Rexism

from Wikipedia, the free encyclopedia
Flag of the Rexists

As Rexists is known mainly in Belgium , the supporters of the Walloon fascist movement Rex (from latin Christ Rex for Christ is king ), which during the German occupation during the Second World War with the Nazis collaborated . Due to its close adherence to the dogmatics of the Catholic Church , the movement is assigned by some historians to clerical fascism .

During the First World War , the German military administration unilaterally supported the Germanic (Dutch-speaking) Flemings to the detriment of the Romance (French-speaking) Walloons in order to induce them to collaborate (or at least to become neutral). Until the middle of the 20th century, the Flemings lived in a state that did not even have a code of law in their language. The previously undisputed supremacy of the Walloons was weakened. The Rexists emerged in response in 1918 as a "Christian renewal movement" which "naturally grown communities" such as family, profession, people as the basis of a corporately structured authoritarian demanded state. But they also strove for the equality of Belgian nationalities and for a dictatorship in Belgium based on the model of Dollfuss in the Austrian corporate state .

Their most important leader before and during the Second World War was Léon Degrelle . On the eve of the war they had several seats in the Belgian parliament, which led the king to declare neutrality. At the same time, however, there was a secret military pact with France, which the German leadership knew in detail. As in 1914, Germany ignored neutrality in 1940. The king capitulated when the foreseeable French defeat and the flight of the British troops via Dunkirk made the situation hopeless.

Notwithstanding the Flemish-Walloon antagonism , both Flemish nationalists and the Rexists collaborated intensively with the German occupiers until 1944. From a Walloon point of view, they did not want to fall behind the Flemings for the post-war order. The collaboration was particularly evident on both sides in the participation of thousands of volunteers in the Russian campaign , which was understood as a common European struggle against Bolshevism , and also as the beginning of a European (and thus also internal-Belgian) unification.

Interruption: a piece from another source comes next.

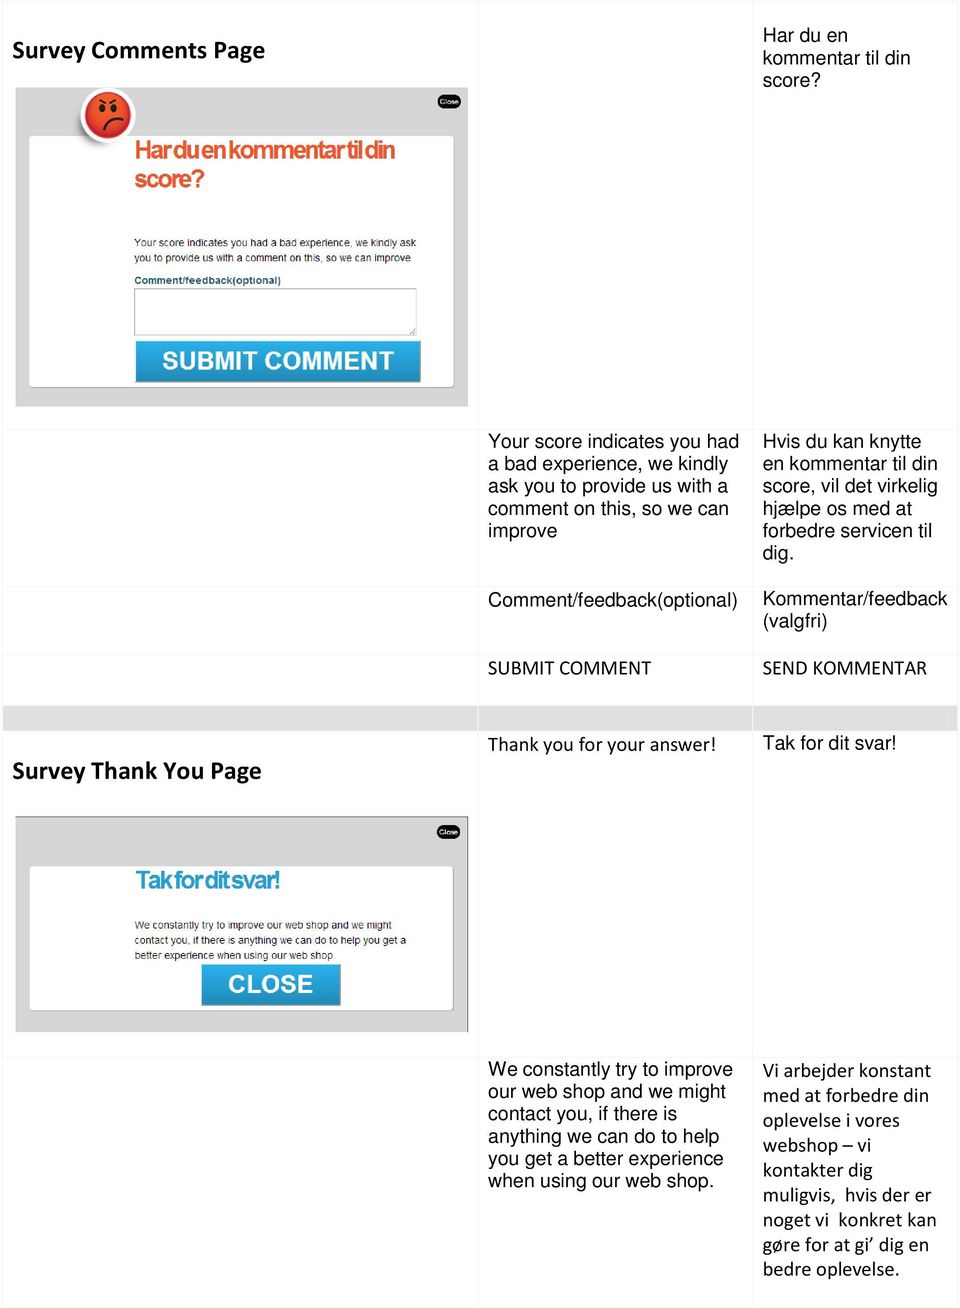 kommentar til din score, vil det virkelig hjælpe os med at forbedre servicen til dig. Kommentar/feedback (valgfri) SEND KOMMENTAR Survey Thank You Page Thank you for your answer!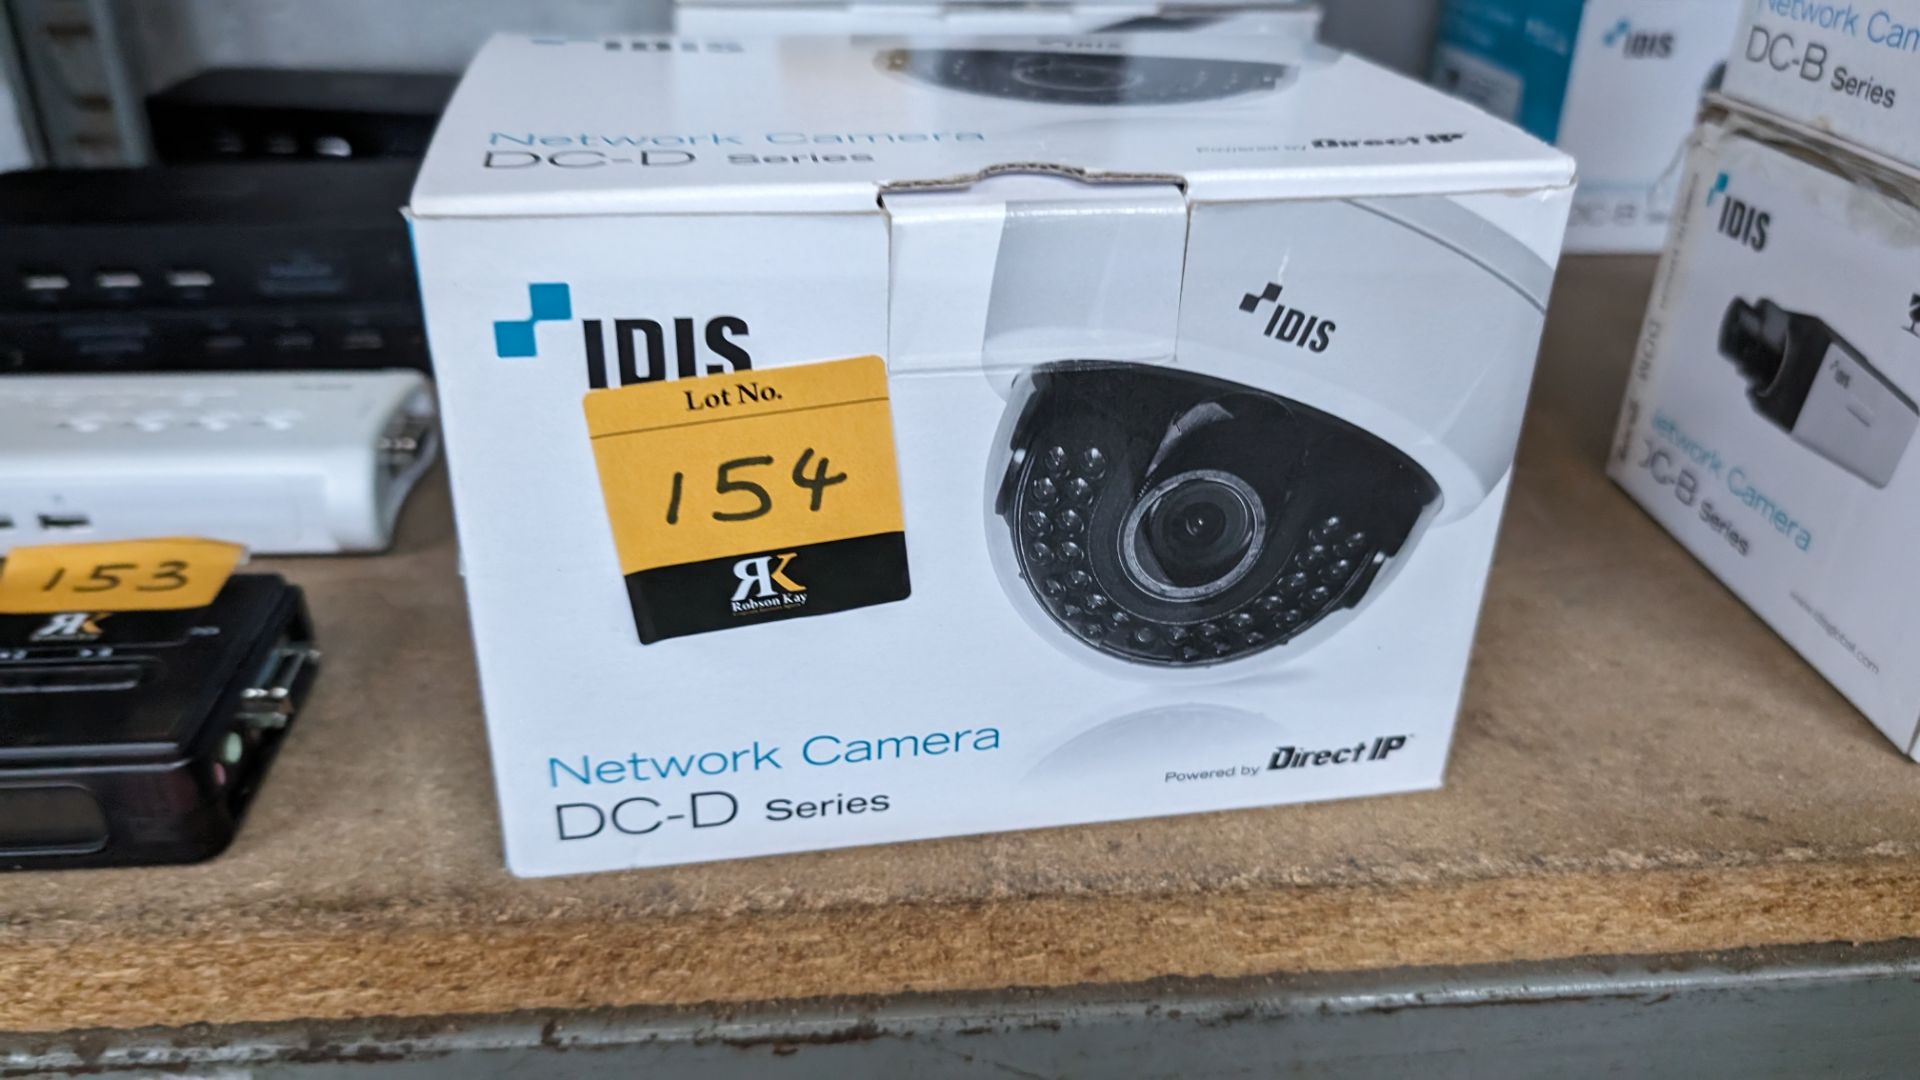 Idis network camera model DC-D2233

After the war, King Leopold III. In 1951 he was forced to renounce the throne for his capitulative and pro-rexist stance. Thousands of Rexists were sentenced to death or long prison terms. The rexist movement lost all meaning with the outcome of the Second World War.

literature

  • José Streel: La révolution du vingtième siècle. Nouvelle société d'éditions, Bruxelles 1942 (Reproduction en fac similé: La révolution du XXe siècle. Déterna, Coulommiers (Seine-et-Marne) 2010, ISBN 978-2-36006-017-7 ).